Sermos humanos é aprender a viver ao sabor da imprevisibilidade do tempo. Não sabemos o que o futuro nos traz e, por mais que tentemos fazer previsões, somos falíveis como oráculos. E se há algum medo nessa impossibilidade de descortinarmos os grandes acontecimentos que irão moldar o mundo em que vivemos, cedo aprendemos a viver nessa corda bamba e a lidar com as trevas e o caos que se vão iluminando e tomando forma.

Há uns meros cinco anos, dificilmente pensaríamos que nos 50 anos de Abril a democracia em Portugal estaria manchada e ameaçada, com grupos e partidos que disseminam o populismo e o ódio. Poderíamos argumentar que é, em parte, uma consequência da nossa inércia, convictos de que ainda vivíamos num país de brandos costumes. Mas não escapamos incólumes às intempéries que abrem rachas na nossa sociedade.

Chegados a esta encruzilhada, é um exercício quase inútil tentar prever a próxima década, quanto mais os próximos 50 anos. Falam-nos de guerra e ameaças às liberdades e direitos, falam-nos de crise climática global, falam-nos de repressão e autoritarismo, de desigualdades profundas entre 1% e 99%.

Que futuro podem esperar as minhas cinco sobrinhas, que vivem divididas entre a cultura do Mediterrâneo e a cultura europeia? Será mais fácil viverem entre as suas várias identidades e poderão esperar um mundo menos duro, exigente e desigual para com as mulheres? Ou terão de lidar com retrocessos e o aumento da violência?

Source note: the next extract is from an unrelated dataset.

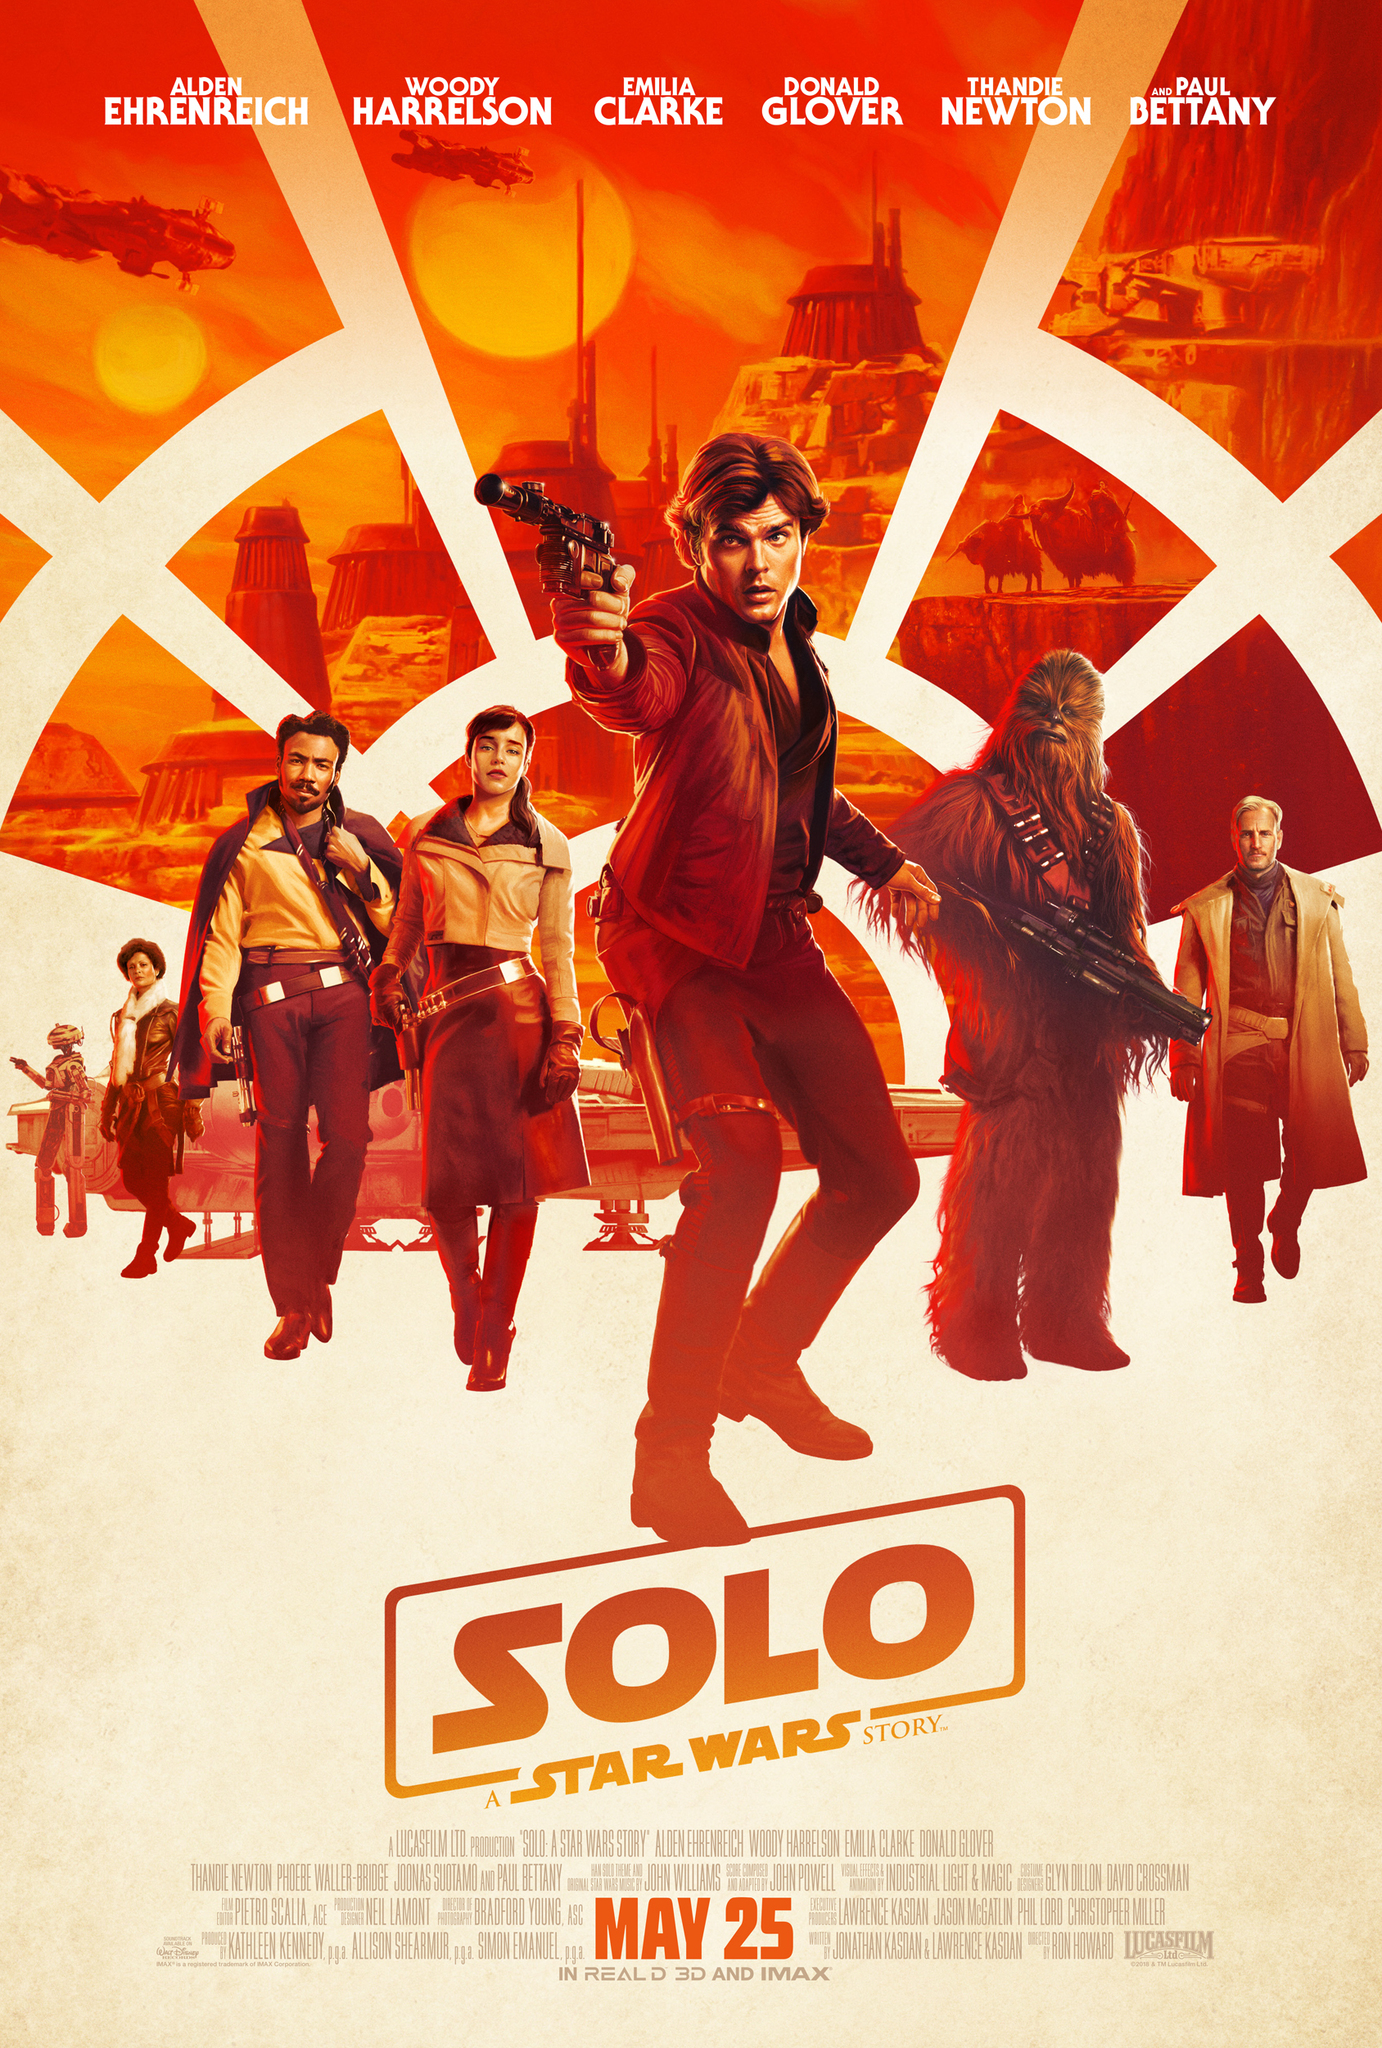 Star Wars Film - Solo Poster

Nestas alturas, é natural pensarmos nas próximas gerações, mas também olho para trás e penso para onde foi o nosso tempo, escoado por entre as agruras de inúmeros conflitos e crises, que nos privaram de estabilidade e esperança.

Lembro-me da história que me contaram sobre a minha bisavó libanesa, que tinha umas belíssimas sandálias guardadas para calçar no Dia do Juízo Final. Morreu durante a guerra que era, de certo modo, o fim do mundo que conhecera. Afinal, o Dia do Juízo Final pode tomar muitas formas e rostos.

Passei parte da minha vida adulta dividida entre a política e a literatura. Na política, aprendemos a pensar em ações, soluções e medidas concretas para o futuro. Na literatura, somos viajantes no tempo que procura dar sentido à vida, acometidos por emoções universais como nostalgia, deslumbramento, amor, horror, apatia, medo ou alegria.

Talvez nos próximos 50 anos tenhamos de aprender a dar mais propósito e emoção à ação concreta. Aprender que sem compaixão pelo outro ou crença na nossa humanidade, não podemos cumprir a promessa de um mundo melhor.